Moores Cancer Center, UC San Diego, La Jolla, CA.
Department of Cellular and Molecular Medicine, UC San Diego, La Jolla, CA.
J Clin Oncol. 2024 Oct 20;42(30):3550-3560. doi: 10.1200/JCO.23.02641. Epub 2024 Jul 31.
Cancers with homologous recombination deficiency (HRD) can benefit from platinum salts and poly(ADP-ribose) polymerase inhibitors. Standard diagnostic tests for detecting HRD require molecular profiling, which is not universally available.
We trained DeepHRD, a deep learning platform for predicting HRD from hematoxylin and eosin (H&E)-stained histopathological slides, using primary breast (n = 1,008) and ovarian (n = 459) cancers from The Cancer Genome Atlas (TCGA). DeepHRD was compared with four standard HRD molecular tests using breast (n = 349) and ovarian (n = 141) cancers from multiple independent data sets, including platinum-treated clinical cohorts with RECIST progression-free survival (PFS), complete response (CR), and overall survival (OS) endpoints.
DeepHRD predicted HRD from held-out H&E-stained breast cancer slides in TCGA with an AUC of 0.81 (95% CI, 0.77 to 0.85). This performance was confirmed in two independent primary breast cancer cohorts (AUC, 0.76 [95% CI, 0.71 to 0.82]). In an external platinum-treated metastatic breast cancer cohort, samples predicted as HRD had higher complete CR (AUC, 0.76 [95% CI, 0.54 to 0.93]) with 3.7-fold increase in median PFS (14.4 3.9 months; = .0019) and hazard ratio (HR) of 0.45 ( = .0047). There were no significant differences in nonplatinum treatment outcome by predicted HRD status in three breast cancer cohorts, including CR (AUC, 0.39) and PFS (HR, 0.98, = .95) in taxane-treated metastatic breast cancer. Through transfer learning to high-grade serous ovarian cancer, DeepHRD-predicted HRD samples had better OS after first-line (HR, 0.46; = .030) and neoadjuvant (HR, 0.49; = .015) platinum therapy in two cohorts.
DeepHRD can predict HRD in breast and ovarian cancers directly from routine H&E slides across multiple external cohorts, slide scanners, and tissue fixation variables. When compared with molecular testing, DeepHRD classified 1.8- to 3.1-fold more patients with HRD, which exhibited better OS in high-grade serous ovarian cancer and platinum-specific PFS in metastatic breast cancer.
同源重组缺陷(HRD)的癌症可以从铂盐和聚(ADP-核糖)聚合酶抑制剂中获益。检测 HRD 的标准诊断测试需要分子分析,但并非普遍可用。

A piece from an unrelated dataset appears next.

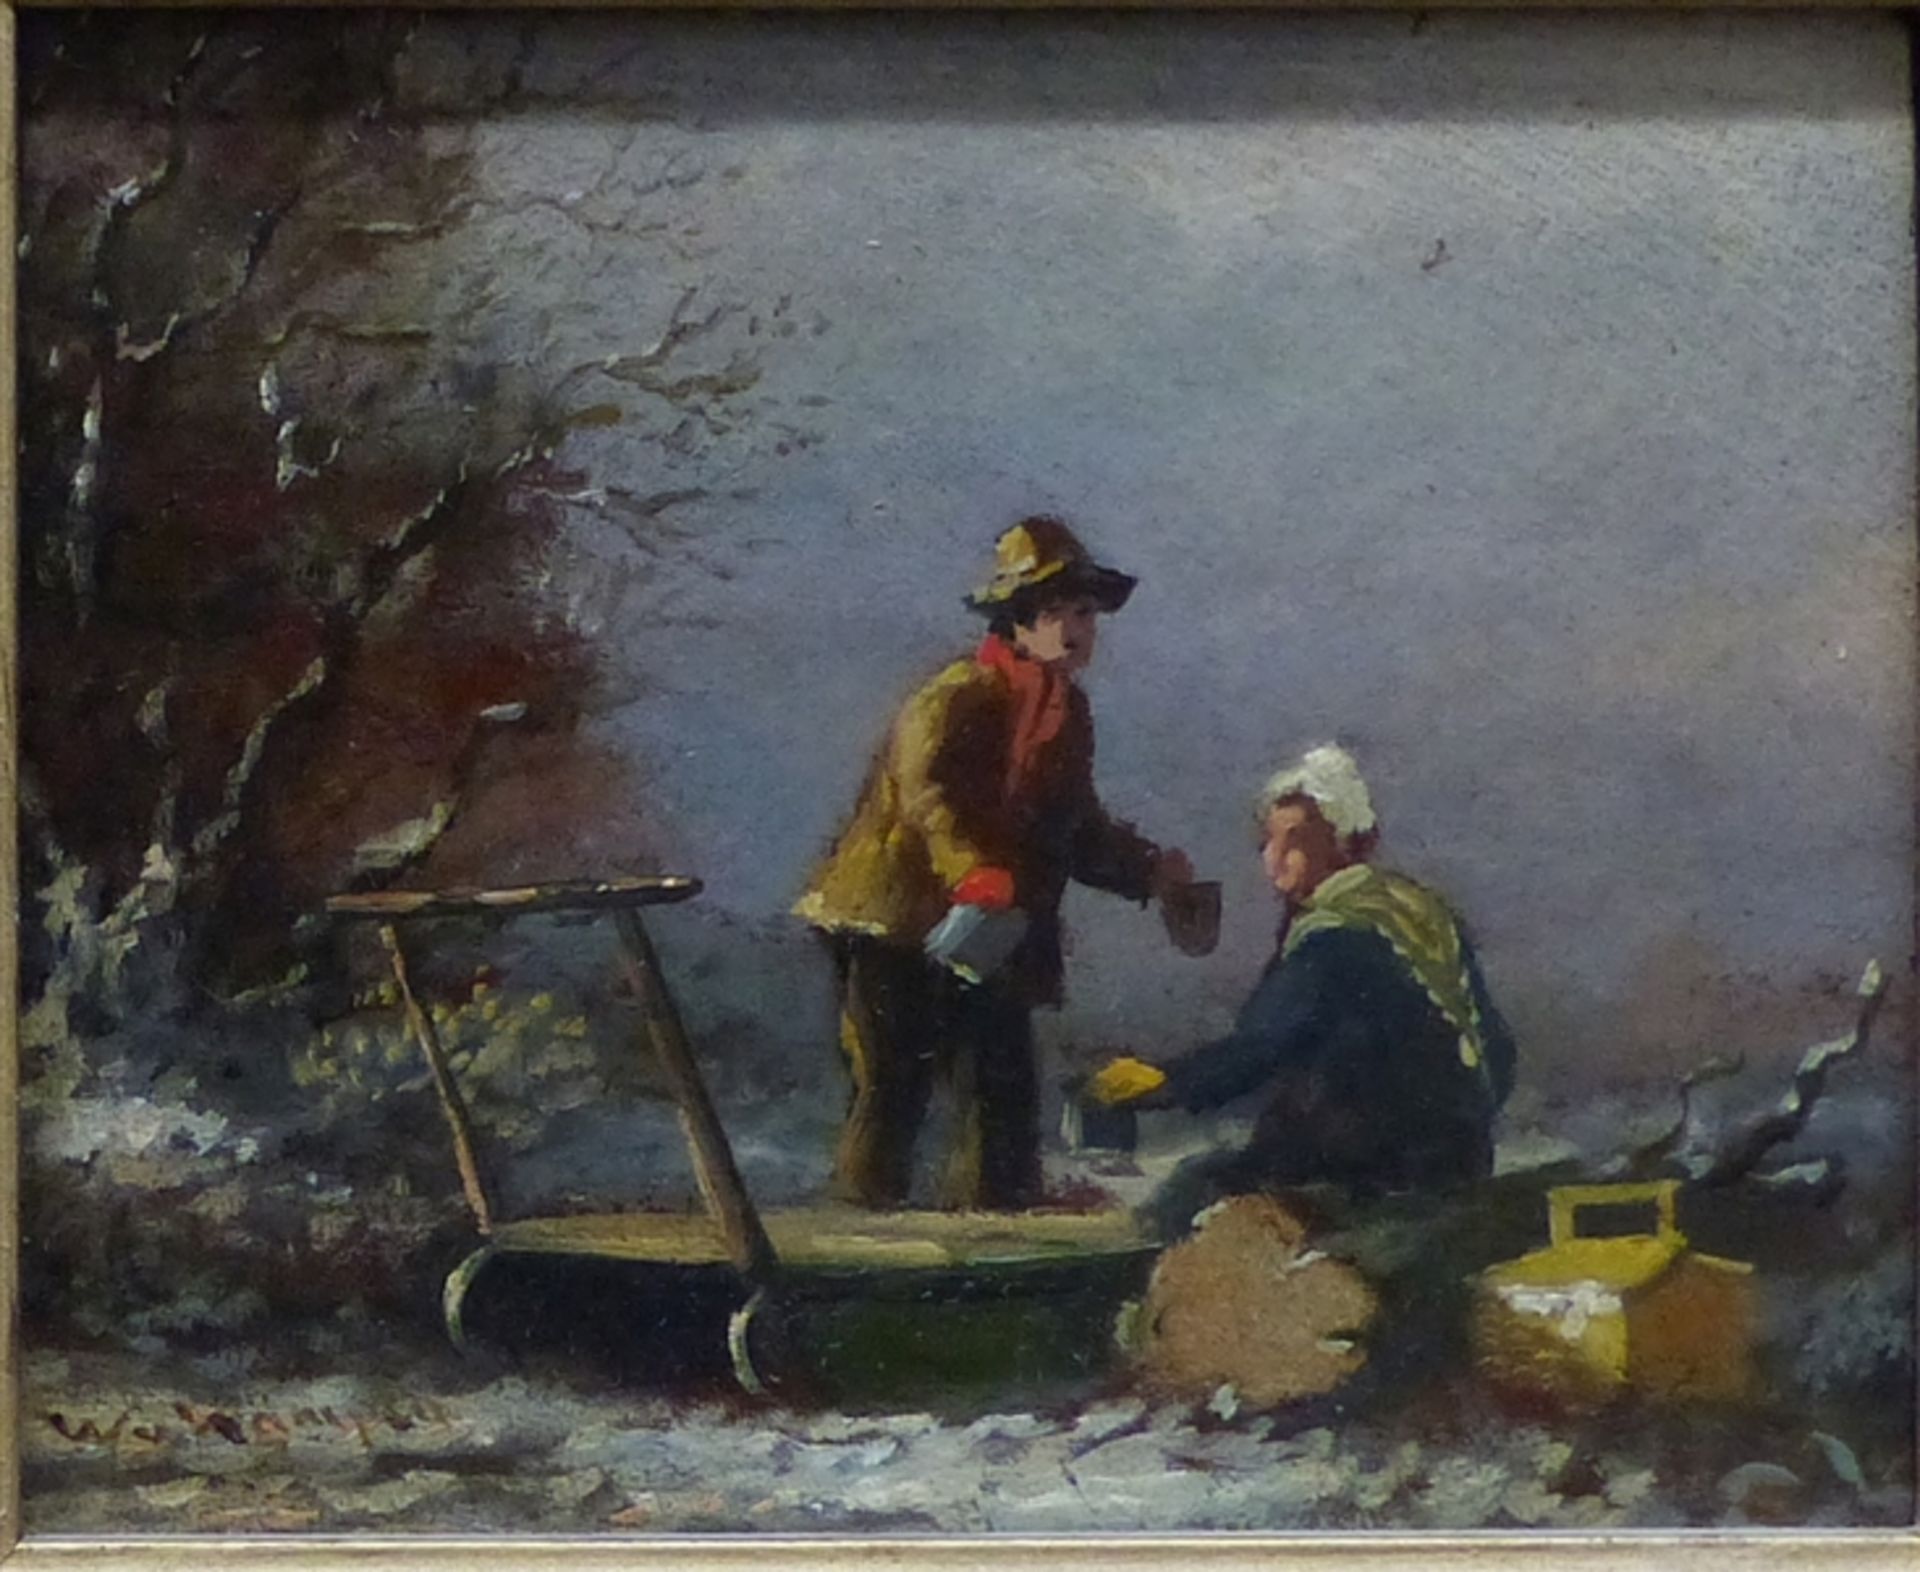 Unbekannt Öl auf Holz, Mann und Frau mit Schlitten im Winter, Holland 20. Jh., links unten
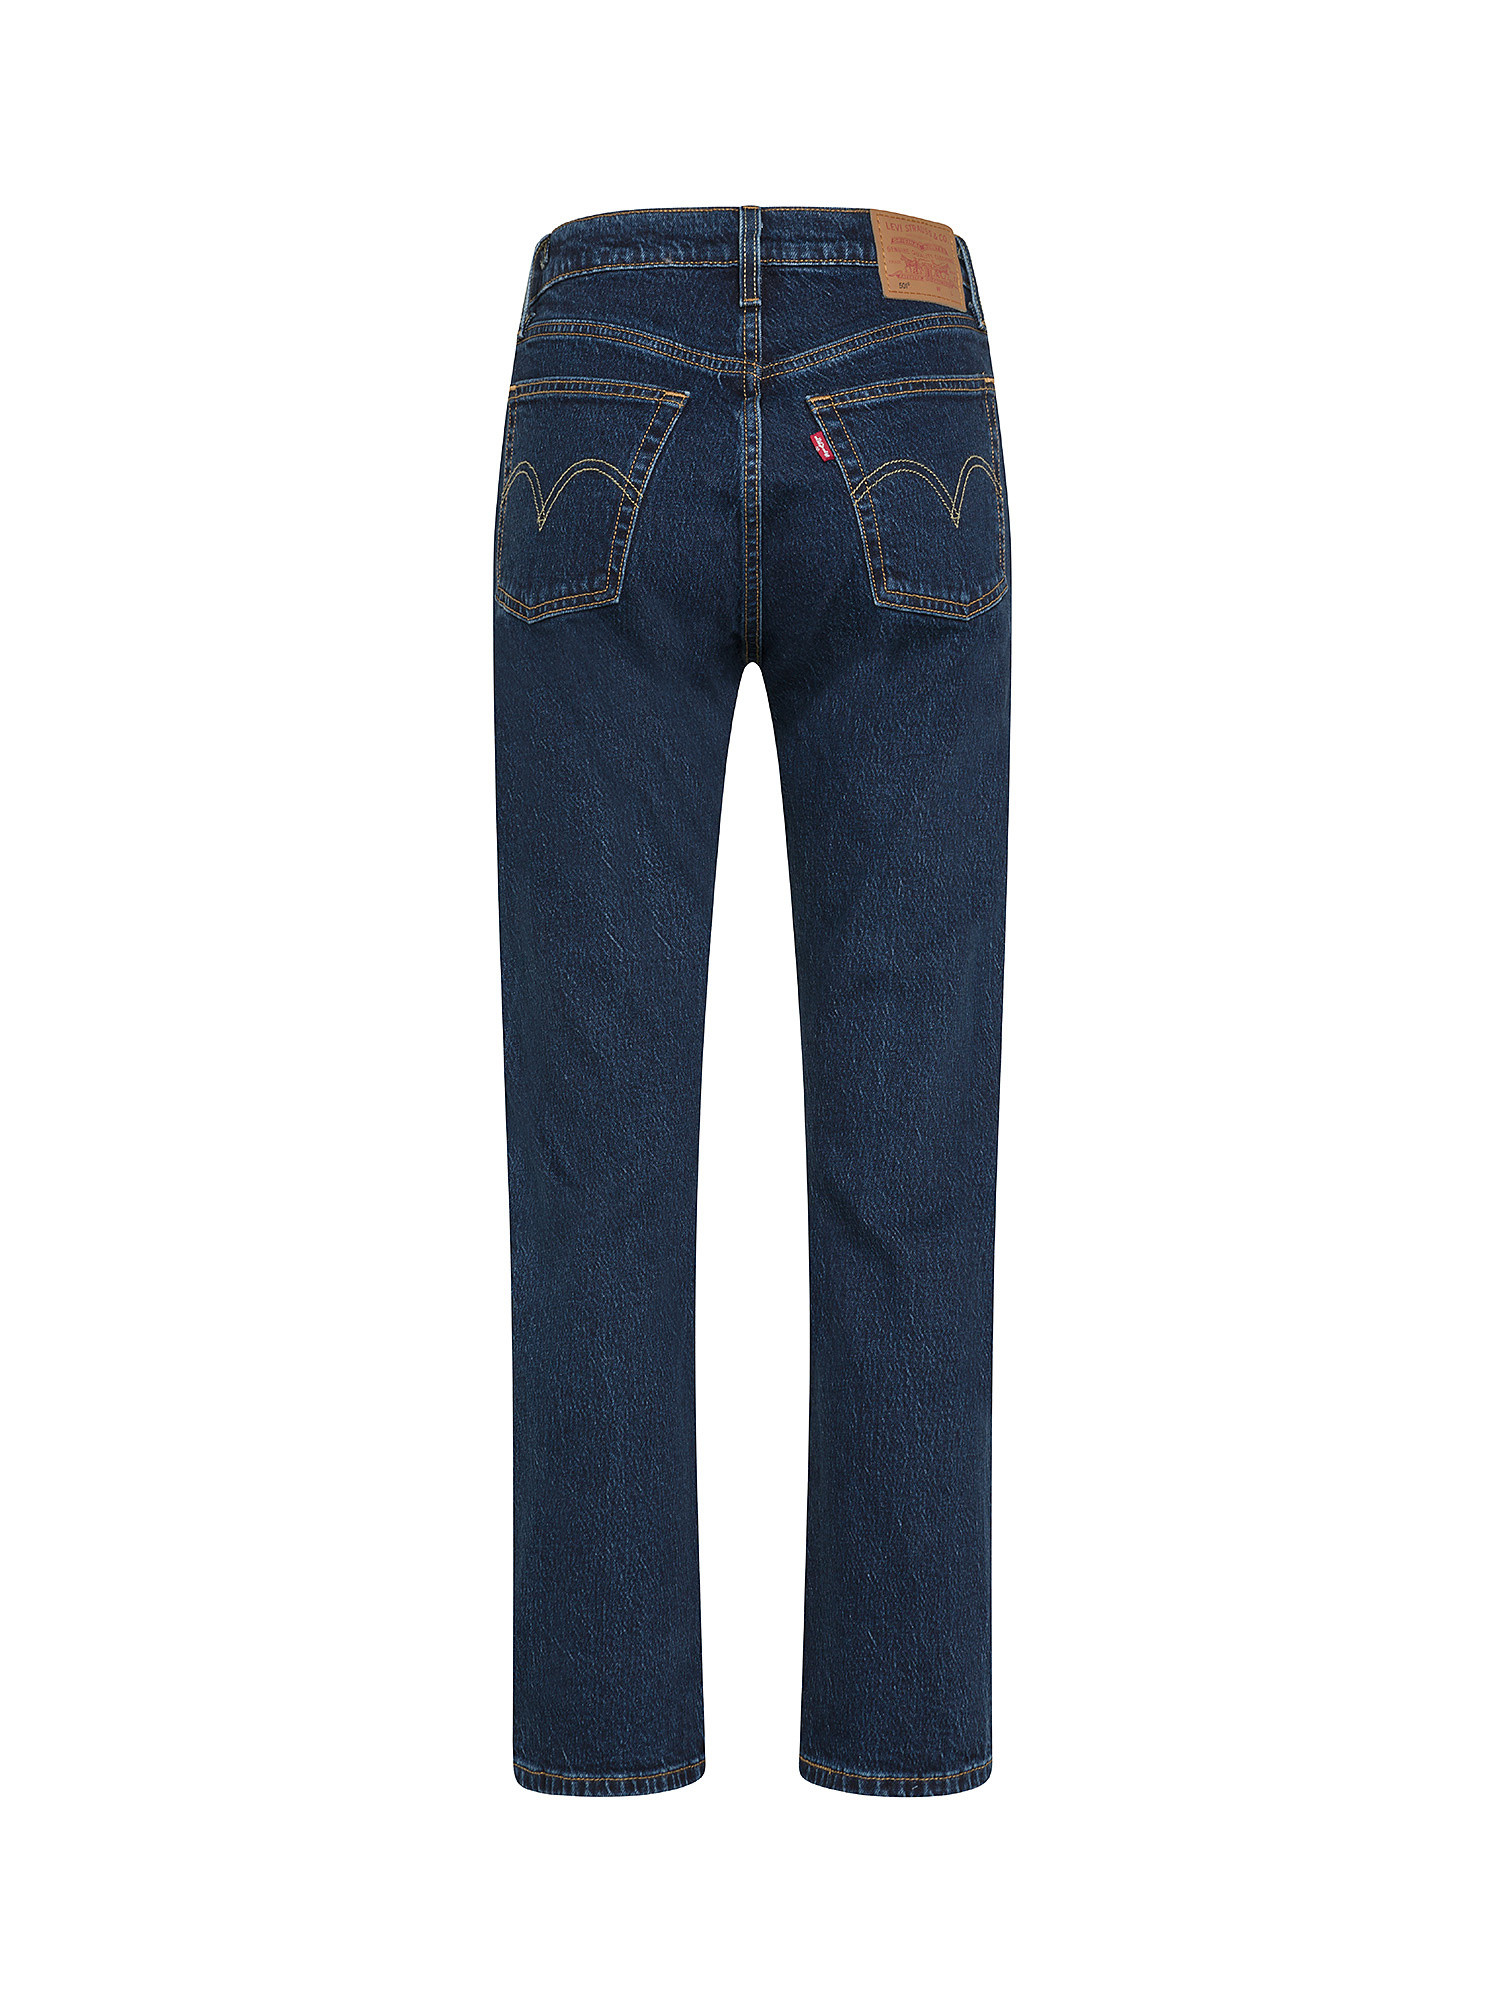 Levi's - original 501® cropped jeans, Denim, large image number 1

我们使用来自癌症基因组图谱(TCGA)的原发性乳腺癌(n=1008)和卵巢癌(n=459)训练了 DeepHRD,这是一种用于从苏木精和伊红(H&E)染色组织学幻灯片预测 HRD 的深度学习平台。使用来自多个独立数据集的乳腺癌(n=349)和卵巢癌(n=141)癌症,将 DeepHRD 与四种标准 HRD 分子测试进行了比较,包括具有 RECIST 无进展生存期(PFS)、完全缓解(CR)和总生存期(OS)终点的铂类治疗临床队列。
DeepHRD 预测 TCGA 中保留的 H&E 染色乳腺癌幻灯片中的 HRD,AUC 为 0.81(95%CI,0.77 至 0.85)。这一性能在两个独立的原发性乳腺癌队列中得到了证实(AUC,0.76 [95%CI,0.71 至 0.82])。在一个外部的铂类治疗转移性乳腺癌队列中,预测为 HRD 的样本具有更高的完全 CR(AUC,0.76 [95%CI,0.54 至 0.93]),中位 PFS 增加了 3.7 倍(14.4 3.9 个月; =.0019),风险比(HR)为 0.45( =.0047)。在三个乳腺癌队列中,根据预测的 HRD 状态,非铂类治疗结果没有显著差异,包括紫杉醇治疗转移性乳腺癌的 CR(AUC,0.39)和 PFS(HR,0.98, =.95)。通过转移学习到高级别浆液性卵巢癌,DeepHRD 预测的 HRD 样本在两个队列的一线(HR,0.46; =.030)和新辅助(HR,0.49; =.015)铂类治疗后具有更好的 OS。
DeepHRD 可以直接从多个外部队列、幻灯片扫描仪和组织固定变量的常规 H&E 幻灯片中预测乳腺癌和卵巢癌中的 HRD。与分子检测相比,DeepHRD 将 1.8 至 3.1 倍更多的 HRD 患者进行分类,在高级别浆液性卵巢癌中表现出更好的 OS,在转移性乳腺癌中表现出更好的铂类特异性 PFS。